The relationships Evans forged with his professor went beyond the classroom. Their influence provided him with a foundation that he would later use to reshape the field of control engineering. Although not a straight-A student as Arline may have been, he earned more A’s in the majority of his classes, even English and History. Somewhat surprisingly, his lowest grades, gentlemen “C’s” were in two mechanical engineering classes.
John R. Moore: A Lifelong Influence
At Washington University, Evans also met John R. Moore, a fellow student and intellectual peer who would become one of the most influential figures in his early career. Moore would later become a key collaborator and professional ally.
The Intellectual Climate of Washington University
The 1930s and 1940s were a period of profound growth in the fields of engineering and mathematics. Universities like Washington University played a pivotal role in fostering the next generation of innovators. Evans’ time at Wash U coincided with a surge in research on servomechanisms, feedback control, and stability theory—topics that would later define his contributions.
The Roots of Root Locus
While Root Locus was still years away from being formalized, the foundational elements were all present in Evans’ early life:
- Intellectual discipline, inherited from a family that prized education.
- A network of influential mentors, who nurtured his engineering abilities.
- A partnership with Arline, whose support provided stability
- The analytical rigor of Washington University, which taught him to think.
- John R. Moore, which would later influence his professional trajectory.

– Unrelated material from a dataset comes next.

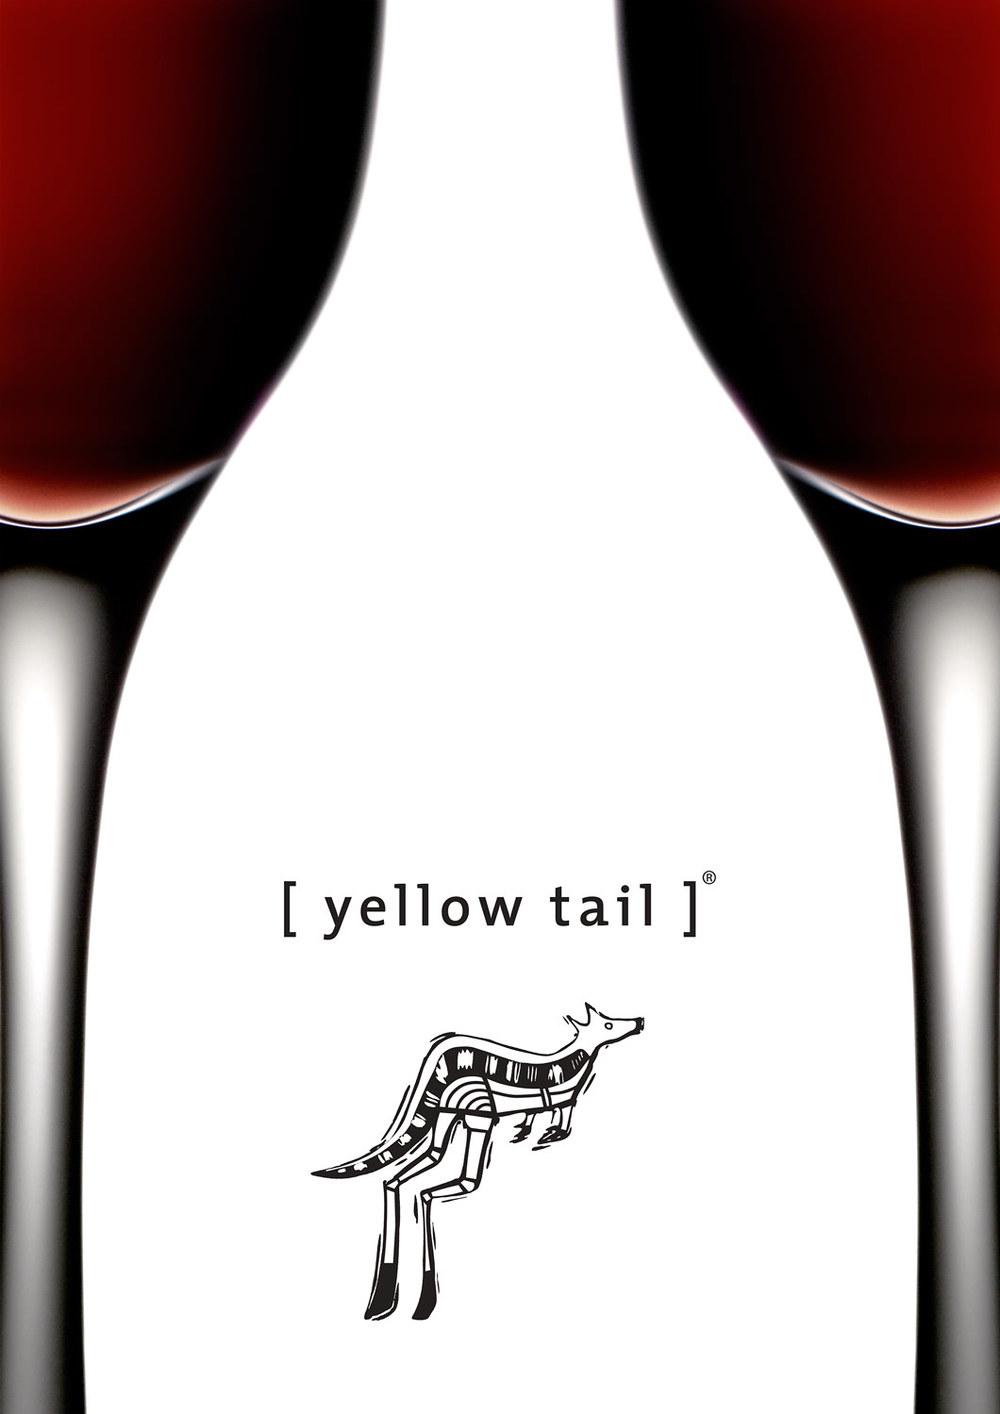 WINE-GLASSES-RED-STEPHEN-STEWART.jpg

Each of these elements was a root in its own right. Together, they nourished the intellectual ground from which Root Locus would eventually emerge.
Conclusion
By the time Walter Evans graduated from Washington University, he was not just an engineer—he was a thinker shaped by a rich lineage of scholars, strategists, and innovators. His early experiences in St. Louis provided him with the skills, relationships, and intellectual curiosity necessary to make groundbreaking contributions to control systems engineering.
Just as Root Locus would later provide engineers with a visual and intuitive way to understand system behavior, Evans’ own path was shaped by clear and distinct influences. His family, his mentors, his education, and his lifelong partnership with Arline were all essential elements of the equation. These were the roots of Root Locus—deep, interconnected, and essential to the innovation that would follow.
As Evans embarked on the next stage of his journey, he carried these influences with him. His story would soon move beyond St. Louis, but its foundation would always remain firmly rooted in the experiences, relationships, and institutions that had shaped his early years.